"Я смѣло и быстро пробѣжала ее, но когда вошла въ кабинетъ, силы измѣнили мнѣ… Я схватилась руками за первое попавшееся мнѣ кресло и такъ и замерла…
"Отецъ мой сидѣлъ за своимъ письменнымъ столомъ, низко опустивъ голову надъ какими-то бумагами. Онъ услыхалъ шаги мои, глянулъ, узналъ меня…
"- Что вамъ угодно? проговорилъ онъ, блѣднѣя, и поднялся съ мѣста.
"Но я не вняла этимъ жестокимъ словамъ, этому ледяному взгляду… Я рванулась къ нему… Я обнимала его судорожно трепетавшими руками… Я прижималась къ его колѣнямъ моимъ облитымъ слезами лицомъ.
"- Батюшка! говорила я сквозь душившія меня рыданія! — ради нашего ангела… ради покойницы маменьки, не глядите на меня такъ!…
"Онъ дрогнулъ при этомъ имени… не выдержала его желѣзная природа… Онъ наклонился во мнѣ, взглянулъ мнѣ въ лицо и сказалъ послѣ долгаго, мучительнаго колебанія:
"- Что же ты хочешь отъ меня, погибшая?…
"- Простите!… едва оставалось мнѣ силы прошептать.
"- Простить? — Онъ приподнялъ меня за плечи и, не отнимая отъ нихъ рукъ своихъ, погрузилъ въ глаза мои свои исполненные безконечной печали глаза. — Понимаешь-ли, ты все убила во мнѣ… послѣднее!…
,Въ это, именно въ это мгновеніе всецѣло воскресало во мнѣ сознаніе. Въ первый разъ, во всемъ ея неизрекаемомъ ужасѣ, освѣтило оно предо мной страшную картину той ночи, смерти… Какъ переносятъ такія мгновенія, я и теперь сказать не могу…

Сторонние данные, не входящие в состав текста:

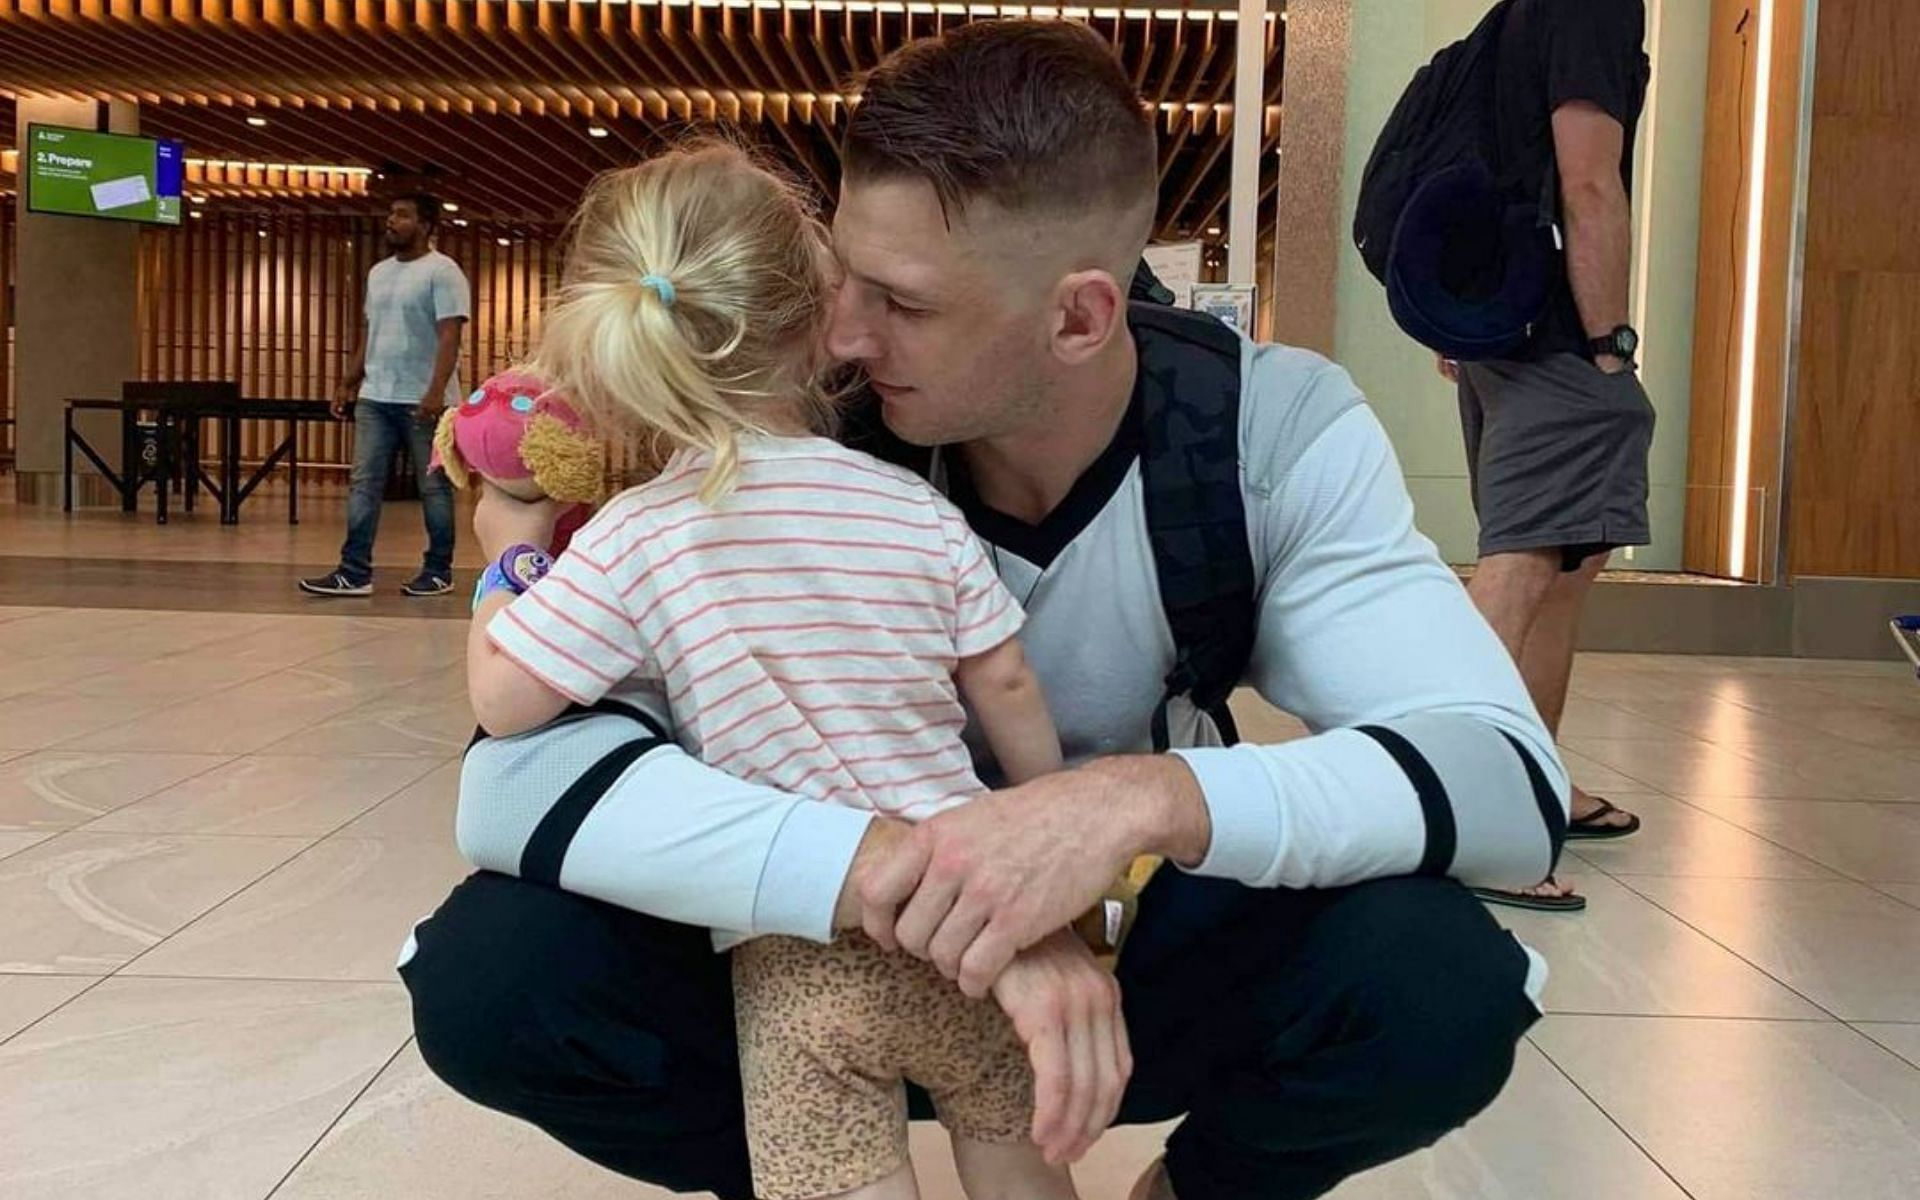 Dan Hooker discussed making up for lost family time ahead of UFC 267 [Image Courtesy: @danhangman on Instag
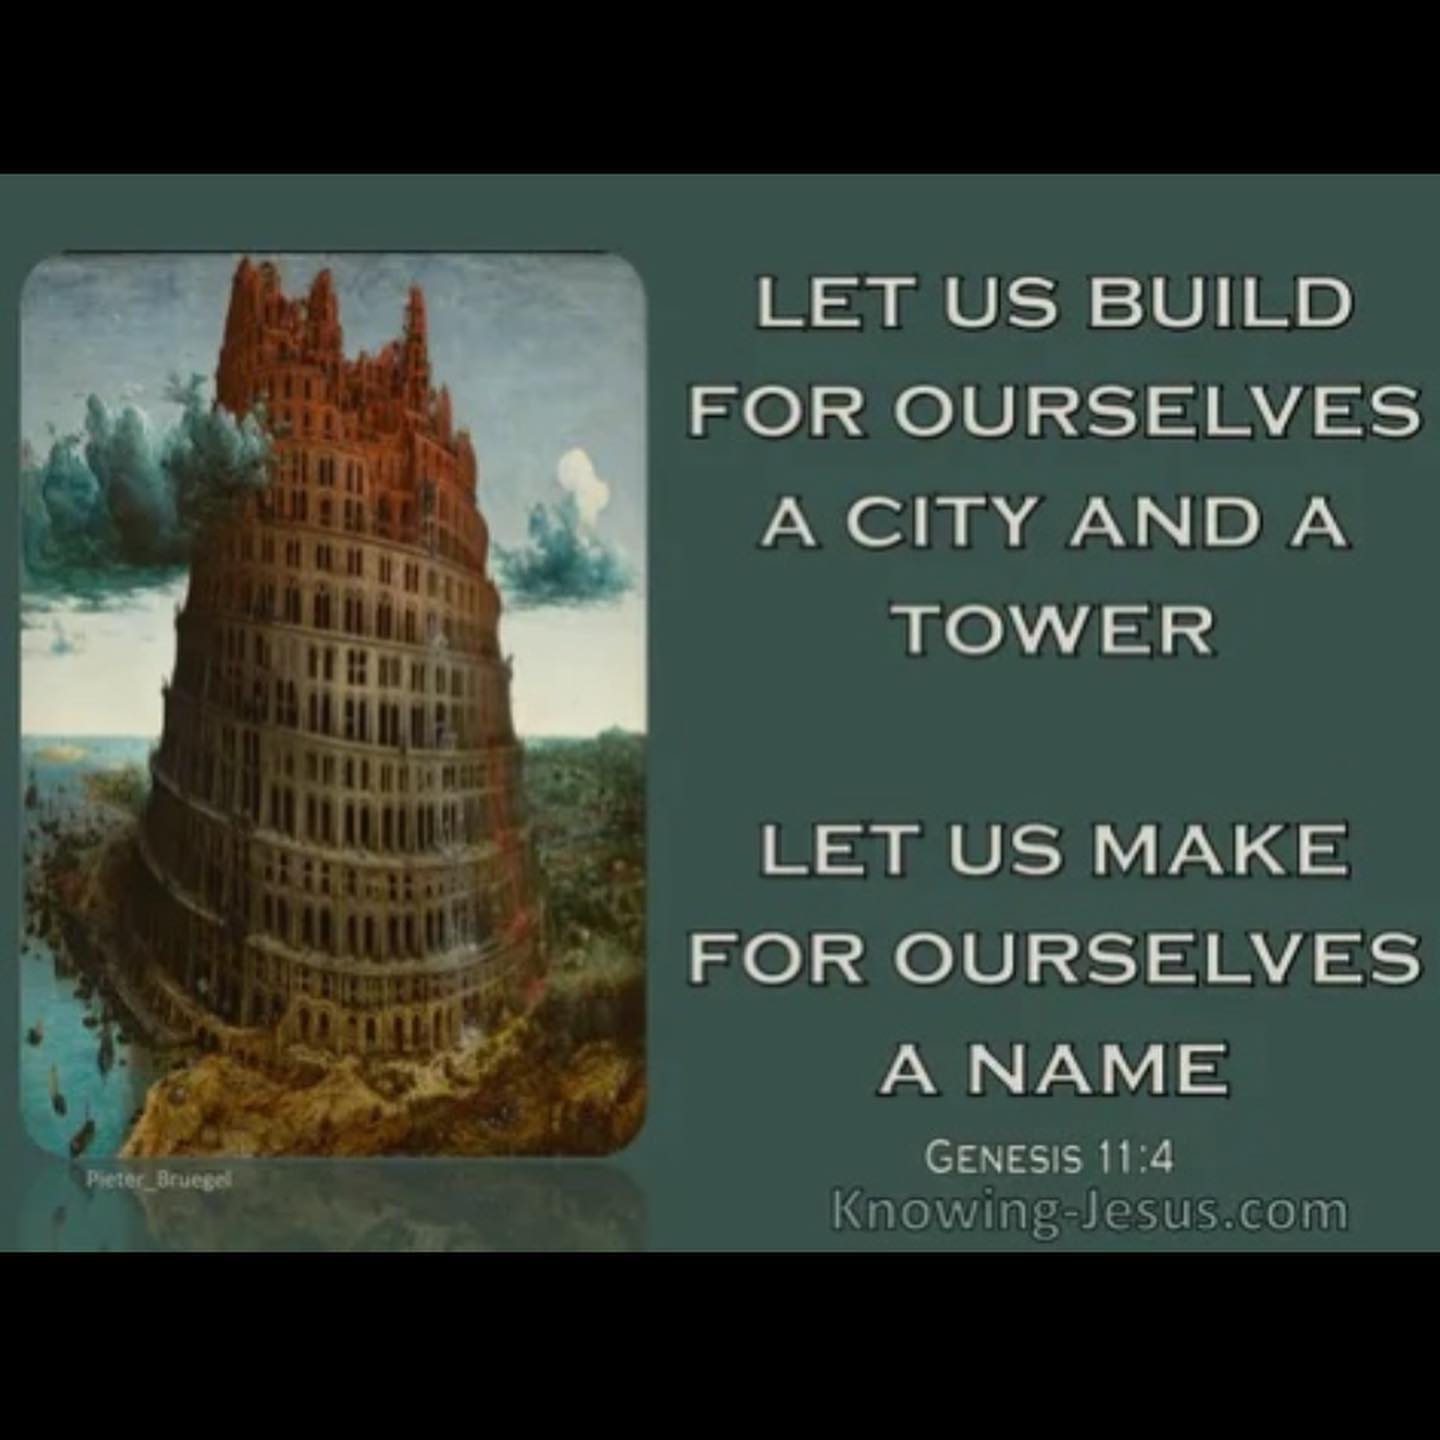 Noah’s descendants wanted to build a name for themselves so they built a city with a great tower. Not to worship God, but to make themselves famous for their architecture and oneness. Had they forgotten the flood? Had they forgotten how mighty and holy our God is? That He detests pride and sin? That He provides safety for the righteous? Obviously, they forgot. Join us Sunday 10AM @fallbrookvineyardchurch and find out what God did with these folks and why it’s incredibly relevant TODAY Dave and Steph Baxter will tag team Genesis 11 for the next two Sundays. Bring your bibles and chairs. #towerofbabel#nimrod#globalism#eschatology#everythingpointstojesus#godmyrefuge#truth#godsprovision#godsgrace#godscovering#godslove#godsjudgement#wordofgod#thewaythetruththelife#worship#prayer #repentance#praise#praisethelord#revival#lifeabundant#community #support #love#familyofgod #outdoorchurch #organicchurch #outlawchurch #dogfriendlychurch

"- Понимаю, отвѣчала я, — и одного прошу я у Бога — смерти!..
"Батюшка опустилъ руки… Что-то похожее на испугъ промелькнуло на его лицѣ… О, онъ еще не вычеркнулъ меня всю изъ своего сердца: мысль, что я не вынесу, что я могу умереть, устрашала его!…
"- Казнись, глухо произнесъ онъ, — признайся во всемъ Владиміру… Онъ можетъ простить тебя…
"Я поняла, — это была послѣдняя искра въ безнадежной ночи, обнимавшей его старость… Ему, во всю жизнь свою не склонявшему ни предъ кѣмъ свою честную, гордую голову, теперь оставалась одна лишь эта робкая надежда на ваше прощеніе, на великодушіе ваше, Владиміръ!… Но мнѣ признаться, сказать вамъ, вамъ, что я… Нѣтъ, думала я, это хуже смерти!…
"- Никогда, никогда, батюшка!…
"Онъ взглянулъ на меня опять: такого выраженія тоски и отчаянія я никогда еще не встрѣчала на этомъ лицѣ.
"- Я получилъ сегодня письмо отъ Грайворонскаго, сказалъ онъ, — онъ проситъ твоей руки. Какъ, по твоему, осмѣлился бы онъ, еслибы не дошло до него?…
"Голосъ батюшки оборвался; онъ не досказалъ и отошелъ отъ меня.
"- Батюшка! взывала я къ нему, ломая себѣ руки:- скажите Владиміру… напишите ему все! Только не я, не я!…
"Онъ обернулся.
"- Нѣтъ, ты, и никто болѣе!… Я могъ простить во имя
"Я согласилась, я обѣщала, сквозь слезы, сквозь прожигающія слезы…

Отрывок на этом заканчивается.